There is not a Puerto Rican prospect who has not played at some time at Roberto Clemente Sports City, the 304-acre complex built in his hometown of Carolina. A multi-sport academy that Clemente envisioned long before his death, Sports City hosts baseball clinics and competition nearly year-round. New York Mets center fielder Carlos Beltran recalls well his development years there as a 14- and 15-year-old.
But for as much as Clemente's name is revered at home, even Beltran is uncertain over the efforts to retire Clemente's number.
"I don't know if it will happen," Beltran said. "I know his family is very much for it. I'm supportive."
Hispanics Across America delivered a petition with 30,000 names supporting the move to MLB's New York's headquarters last month and has hopes of marshaling 100,000 before it is through. The group champions Clemente, the humanitarian, foremost.
His death in 1972, suffered in a plane crash while attempting to deliver rescue supplies to earthquake-ravaged Managua, Nicaragua, helped to earn Clemente the Congressional Gold Medal as well as the Presidential Medal of Freedom.
But while such honors for a baseball player are rare, chances for the retirement of No. 21 do not appear promising. MLB already offered the Clemente Award, named in his honor in 1973 and given to the player who best exemplifies the game through "sportsmanship, community involvement and positive contributions to his team."
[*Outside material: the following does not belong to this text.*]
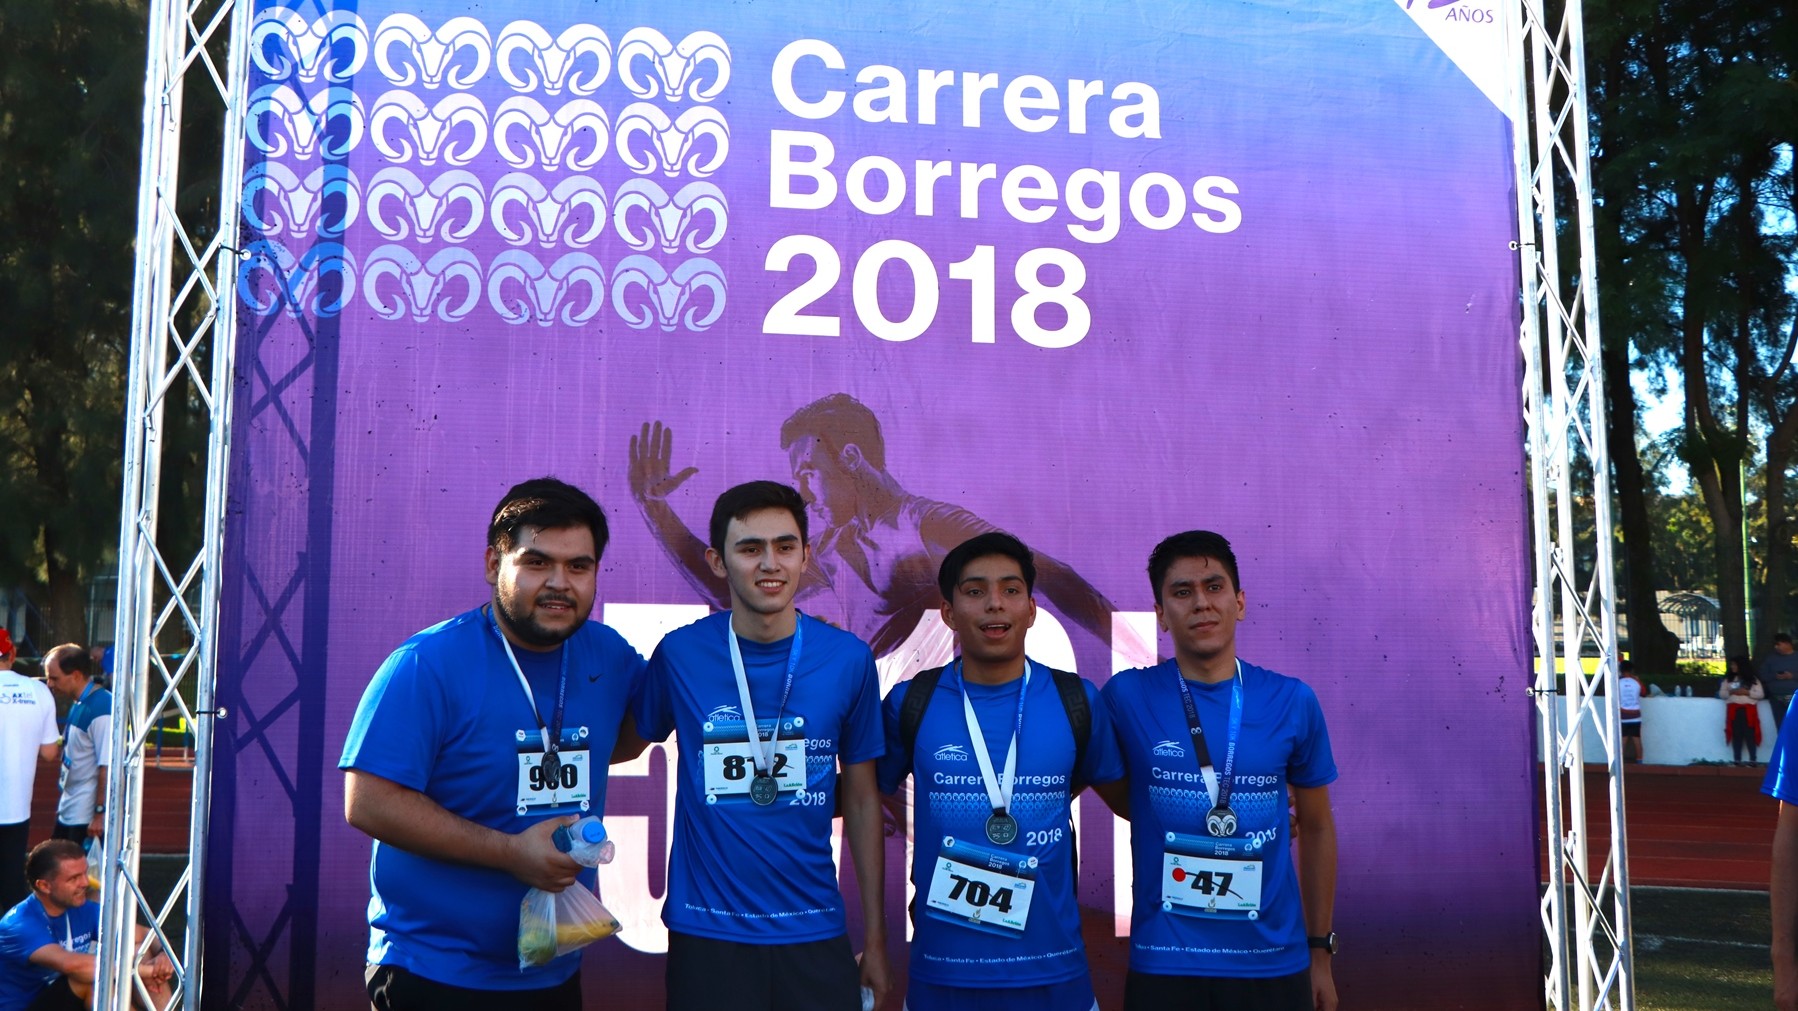 Carrera Borregos 2018

The Clemente Award has three times been won by Atlanta Braves: Phil Niekro (1980), Dale Murphy (1988) and John Smoltz (2005).
When the idea for honoring No. 21 was first presented, the idea was not exactly embraced by the Robinson family. Sharon Robinson, Jackie Robinson's daughter and a friend of the Clemente family, viewed the retiring of No. 42 as a salute for what her father did for all minorities, not just African-Americans.
"When you start retiring numbers across the board, for all different groups, you're kind of diluting the original purpose," Robinson said last winter.
That was a hard sell here Monday. Cookie Rojas, a Cuban-born infielder with over 50 years in the game as player, manager and coach, looked around a room filled with All-Stars and wondered.
"I don't think they really know what kind of a man [Clemente] was, not just how great a baseball player he was but what he meant to the Latin American players," Rojas said. "I hope they do a little research about what he did for his fellow Latin-Americans. He was the voice that we never had."
And what of the future of No. 21?
"When all the people look at up No. 42, they say, 'I want to be like that.' So what about the Latino who looks up at No. 21 and could say, 'I'd like to be like that?' So let me ask you. Why not?"